Living and working in La Chureca brings health hazards to churequeros. Often, families need to scavenge food from the waste as they lack the means necessary to purchase food. The food that is scavenged is mostly from restaurants dumping meat, dairy products, vegetable, and fruits. The consumption of this rotting food frequently leads to intestinal and digestive problems for Churequeros. Because there used to be a slaughterhouse across the lagoon which merges with La Chureca, remains of farm animals pollute the land, water, and air in and surrounding La Chureca. In addition, much of the garbage from La Chureca often spills over into Lake Managua, affecting its natural resources. Fish from Lake Managua are an important part of the diet of the population living in poverty at lakeshore yet, there have been high levels of mercury found in native fish species in Lake Managua.

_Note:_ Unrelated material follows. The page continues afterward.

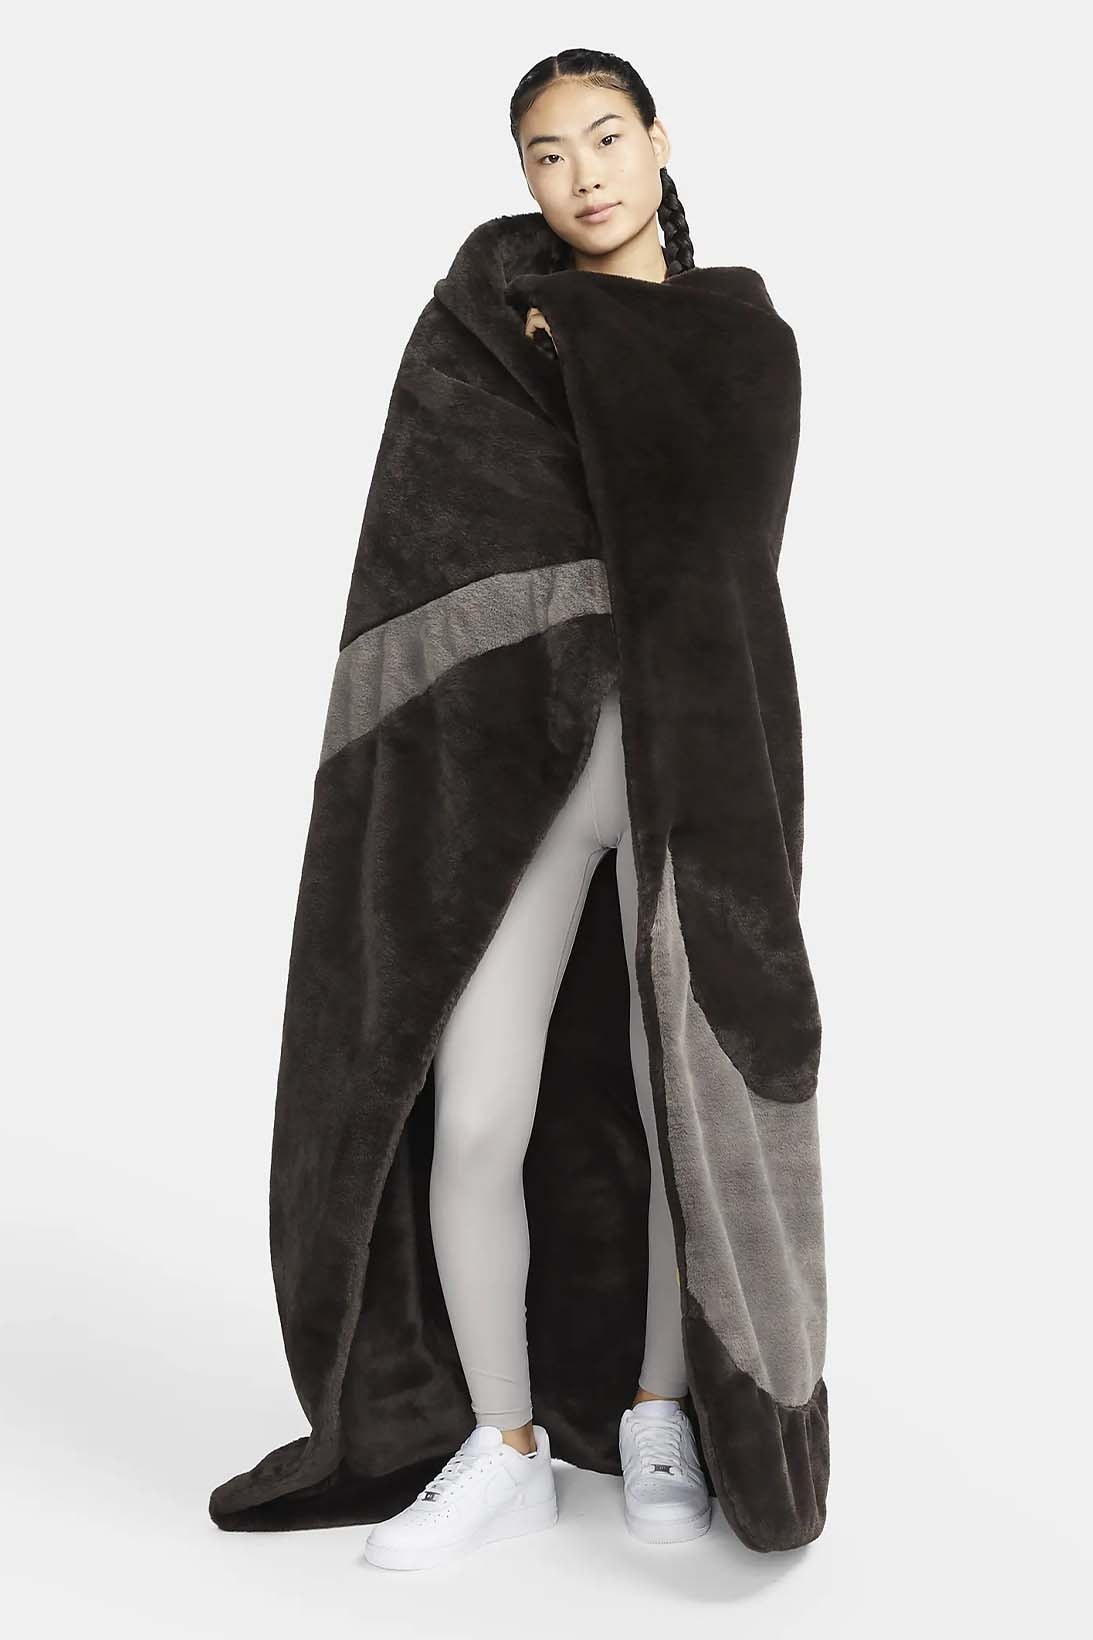 nike sportswear blanket faux fur swoosh logo pinkfoam velvet brown do3793-220 do3793-640 cave stone release date

==Planned demolition and status==
There are a number of international organizations and NGOs that have been working in La Chureca for a number of years. Many of these organizations have succeeded in building community centers, community libraries, and schools. Some of these NGOs include: ProNica-Quakers in Solidarity with Nicaraguans, Iglesia De Avivamiento Pentecostal (I.D.A.P), Los Quinchos, Project Chacocente, Colegio Cristiano La Esperanza, Mision Cristiana Corazones Abierto, Austin Samaritans and Manna Project International (MPI) work with a local NGO FUNJOFUDESS and sponsor the only health clinic in La Chureca: Casa Base de Salud, Children's Smile and Hope Association, NICA, Catholic Youth Advocates, Inc. and HOPE. In August 2007, radical change got underway in La Chureca due to a visit by María Teresa Fernández de la Vega, the Vice President of Spain’s government, during an official visit to Nicaragua. A few months after the Vice President's visit, the AECID (the Spanish Agency of International Development Collaborations), revealed a 30 million Euro integral development project for La Chureca. This is a three part project which includes: firstly, closing down the existing dumpster; secondly, creating a new alternative recycling industry for the waste; and thirdly, housing and social integration alternatives for those living or working in or around La Chureca. The idea of the project is to bring dignity to people. This project is seen as a threat to many of the people working in La Chureca because many of them are scared of being left without any means of livelihood.